Event-Driven Ansible uses rulebooks — declarative YAML mapping sources (event producers) to conditions (rules) to actions (run a playbook, post to webhook, etc.).
The servicenow.itsm collection ships an EDA source plugin that subscribes to ServiceNow’s Table API change feed. A minimal rulebook:
# rulebooks/servicenow-incidents.yml
---
- name: ServiceNow incident remediation
hosts: all
sources:
- servicenow.itsm.records:
instance:
host: "{{ SN_HOST }}"
username: "{{ SN_USERNAME }}"
password: "{{ SN_PASSWORD }}"
table: incident
query: "active=true^state=1^assignment_group.nameLIKEPlatform"
interval: 30
rules:
- name: Disk full → run cleanup
condition: |
event.short_description is search("disk.*full|filesystem.*full", ignorecase=true)
and event.priority in [1, 2, 3]
action:
run_job_template:
name: "INC: Disk cleanup"
organization: Default
job_args:
extra_vars:
incident_number: "{{ event.number }}"
target_host: "{{ event.cmdb_ci.display_value }}"
- name: Service down → restart and verify
condition: |
event.short_description is search("service.*down|process.*not running", ignorecase=true)
and event.priority in [1, 2]
action:
run_job_template:
name: "INC: Service restart"
organization: Default
job_args:
extra_vars:
incident_number: "{{ event.number }}"
target_host: "{{ event.cmdb_ci.display_value }}"
service_name: "{{ event.short_description | regex_search('service\\s+(\\S+)', '\\1') | first }}"

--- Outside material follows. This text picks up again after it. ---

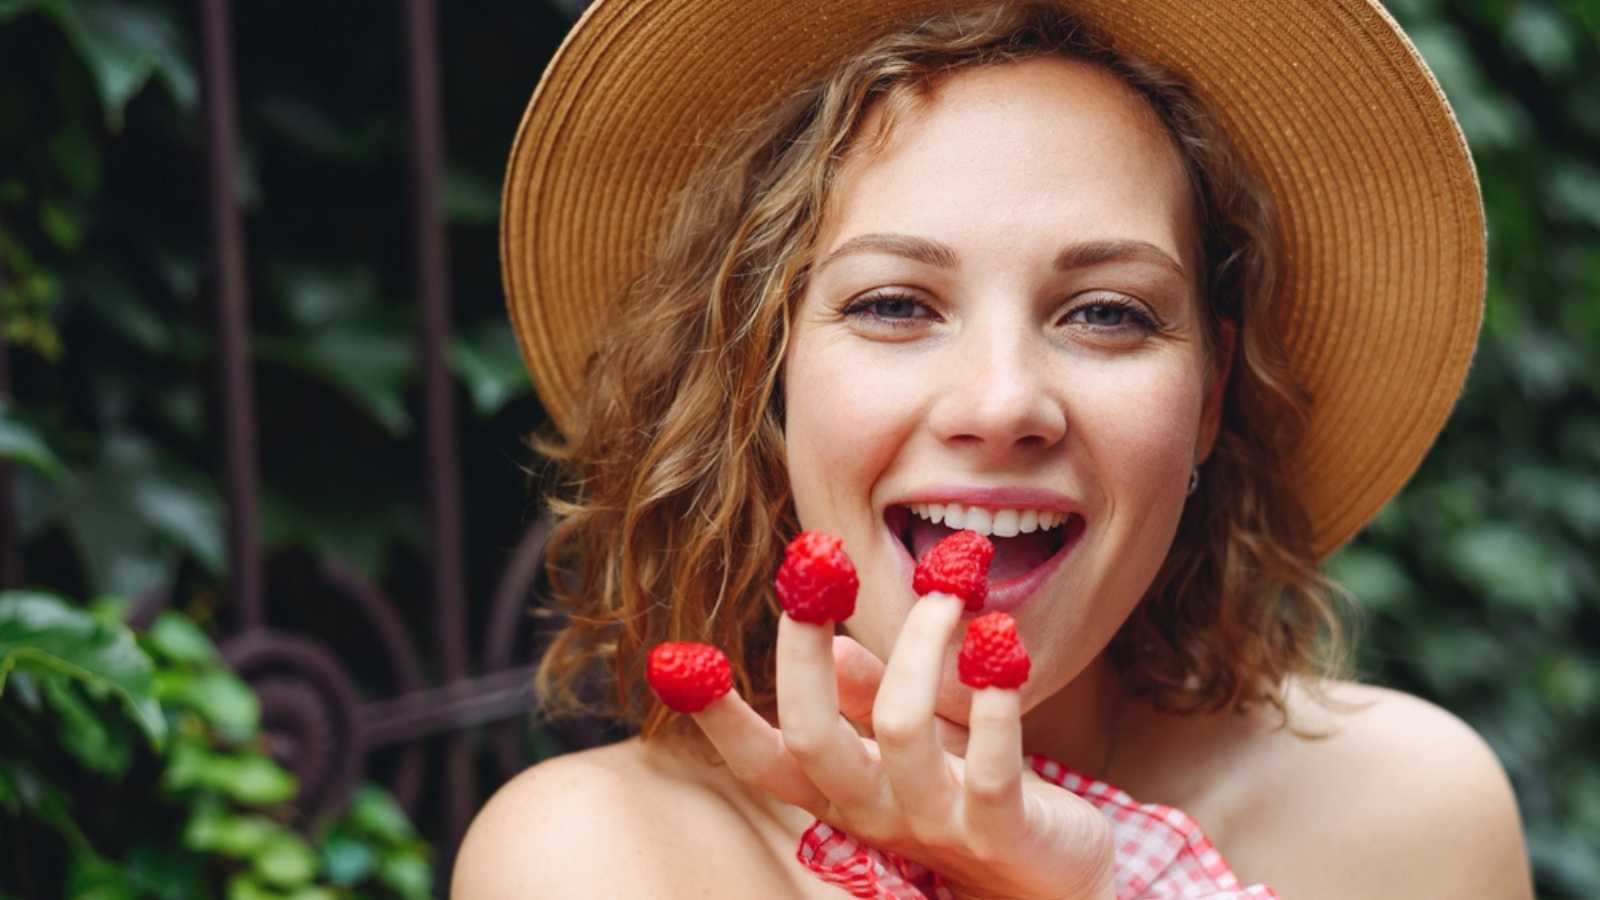 Woman eating raspberry.

- name: Unknown high-priority incident → page on-call
condition: |
event.priority in [1, 2]
and event.assignment_group.display_value == "Platform"
action:
post_event:
event:
type: pagerduty_trigger
incident_number: "{{ event.number }}"
severity: "{{ event.priority }}"
description: "{{ event.short_description }}"
Activating this rulebook in EDA means: every 30 seconds, EDA polls ServiceNow for new high-priority incidents assigned to Platform; matching incidents trigger the right remediation job; unmatched ones page on-call.
The remediation playbook itself follows a strict contract:
---
- name: Remediate disk full incident
hosts: "{{ target_host }}"
gather_facts: true
vars:
incident_number: "{{ incident_number }}"
tasks:
- name: Acknowledge incident
servicenow.itsm.incident:
number: "{{ incident_number }}"
state: in_progress
work_notes: >
AAP {{ tower_job_id }} starting auto-remediation at {{ ansible_date_time.iso8601 }}.
delegate_to: localhost
run_once: true
- name: Find candidate paths to clean
ansible.builtin.find:
paths:
- /var/log
- /tmp
- /var/cache
age: 7d
size: 100m
register: cleanup_candidates
- name: Compress old logs
ansible.builtin.archive:
path: "{{ item.path }}"
dest: "{{ item.path }}.gz"
format: gz
remove: true
loop: "{{ cleanup_candidates.files | selectattr('path', 'match', '.*\\.log$') | list }}"
register: compressed
- name: Re-check disk usage
ansible.builtin.command: df -BG /
register: df_after
changed_when: false
- name: Resolve incident
servicenow.itsm.incident:
number: "{{ incident_number }}"
state: resolved
close_code: "Solved (Permanently)"
close_notes: |
Auto-remediated by AAP job {{ tower_job_id }}.
Compressed {{ compressed.results | length }} log files.
Disk usage after cleanup:
{{ df_after.stdout }}
delegate_to: localhost
run_once: true
when: df_after.stdout is search("[0-7][0-9]%")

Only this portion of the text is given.